Duration: October 2019 - March 2020 Technologies: OpenCV, TensorFlow Since Fall 2019, I've been exploring the idea of making a Lightform device automatically find a pre-selected object and map content to it. The detection part is somewhat trivial but the challenge is getting pin point accuracy since a misalignment of even a few pixels can result in a very blurry and not so magical experience. Another challenge is that the detection has to work 99% of the time or else it wouldn't meet the bar of a product feature and be more like a prototype. The device should also be able to quickly realign content if the object or the projector moves. We've gone on this path in the past too but quickly abandoned it since making it work 99% of the time without any user input has been challenging. Well, second time is the charm right?
Keeping both challenges in mind, I worked on a marker based approach to begin with. I started with adding 4 Aruco markers to a test surface since it guarantees both challenges of detection accuracy and repeatability.

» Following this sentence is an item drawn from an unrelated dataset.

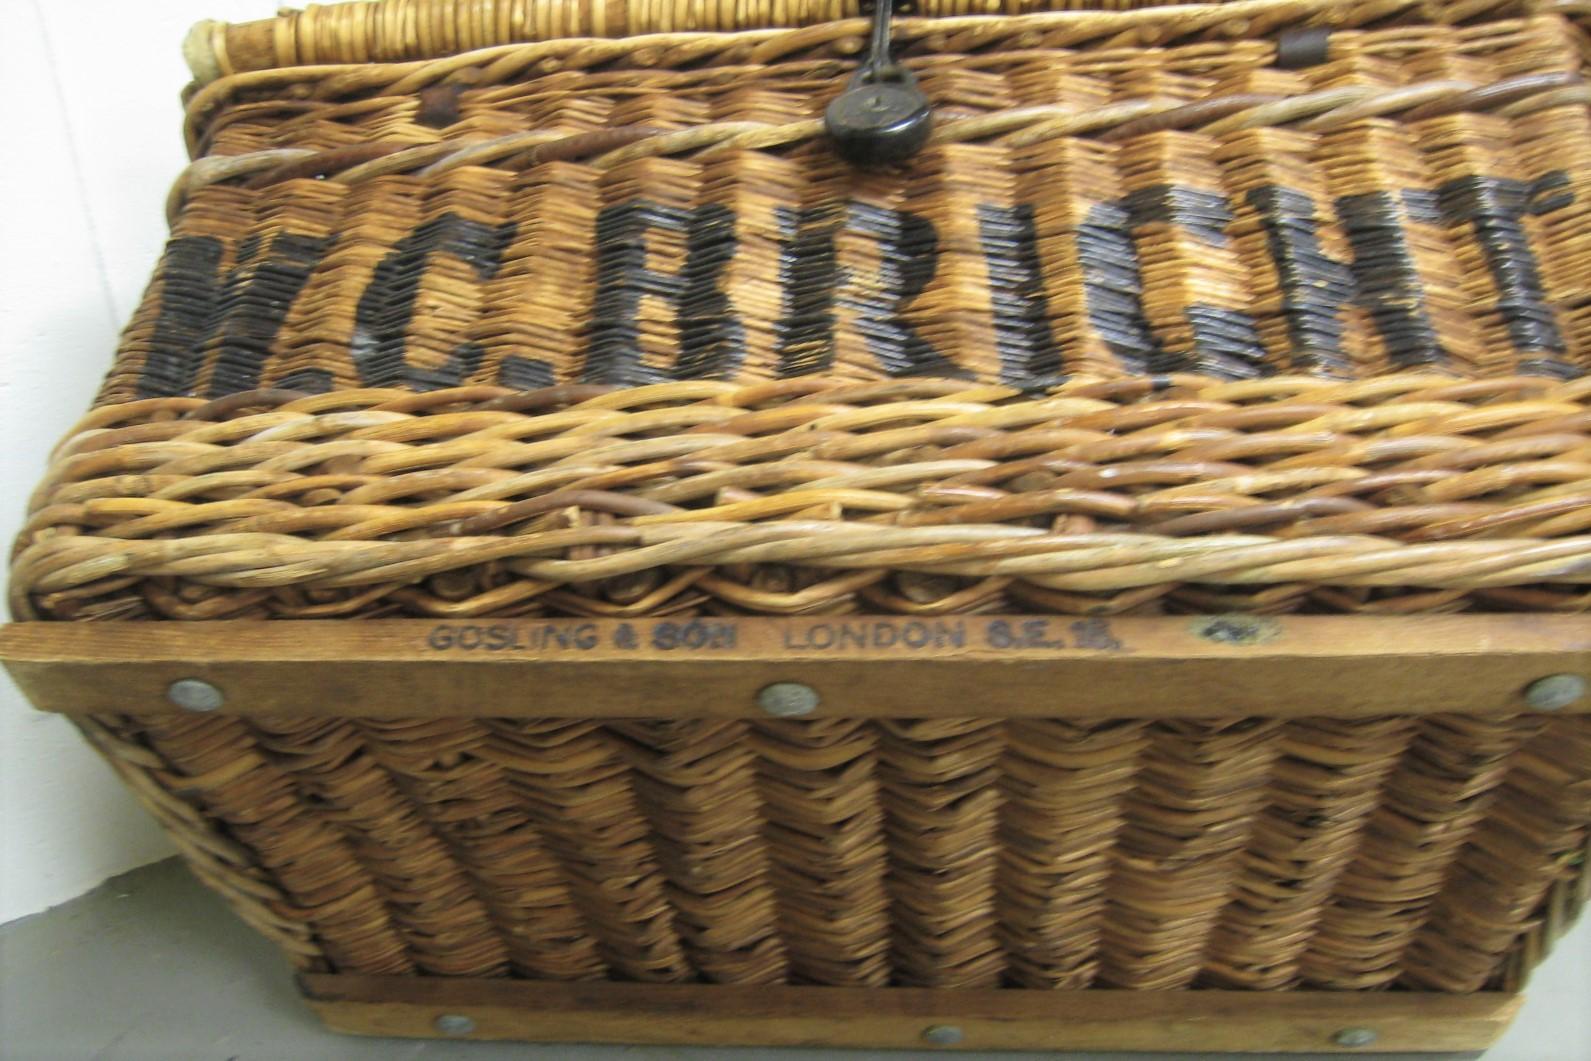 Arts and Crafts English Linen Basket circa 1920 Vintage Wicker Basket W.C. Bright For Sale
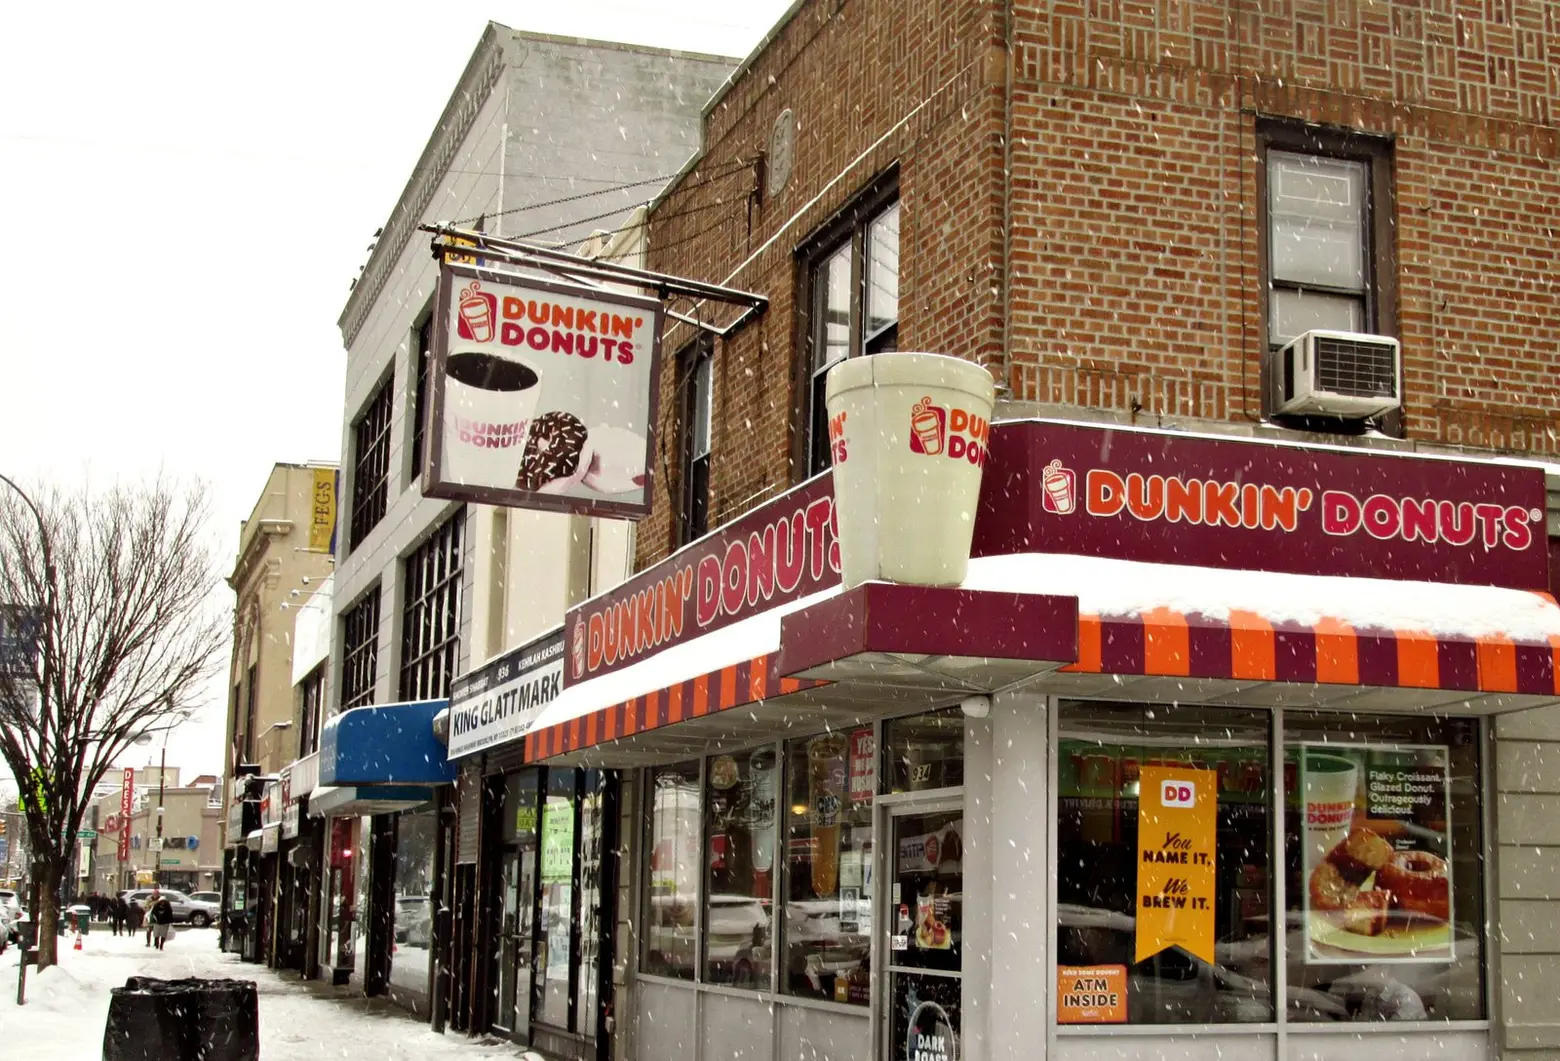 For the ninth consecutive year, Dunkin’ Donuts ranks as NYC’s largest national retailer

The next iteration removed the dependency on 4 markers and brought it down to 1. I also replaced the marker with the Lightform logo. The single logo as the marker looked good and worked well enough to green light the project from an R&D project to a product feature.
I also added the ability to quick realign content if it goes out of alignment. It needed some trickery with the projector camera correspondences but in the end, it worked pretty damn good!
In the last couple of months, I've worked on removing any dependency on visual marker at all and going fully markerless and still guarantee the accuracy of alignment of content. The current prototype runs on an embedded device and will soon be launched as a feature on the latest generation of Lightform devices.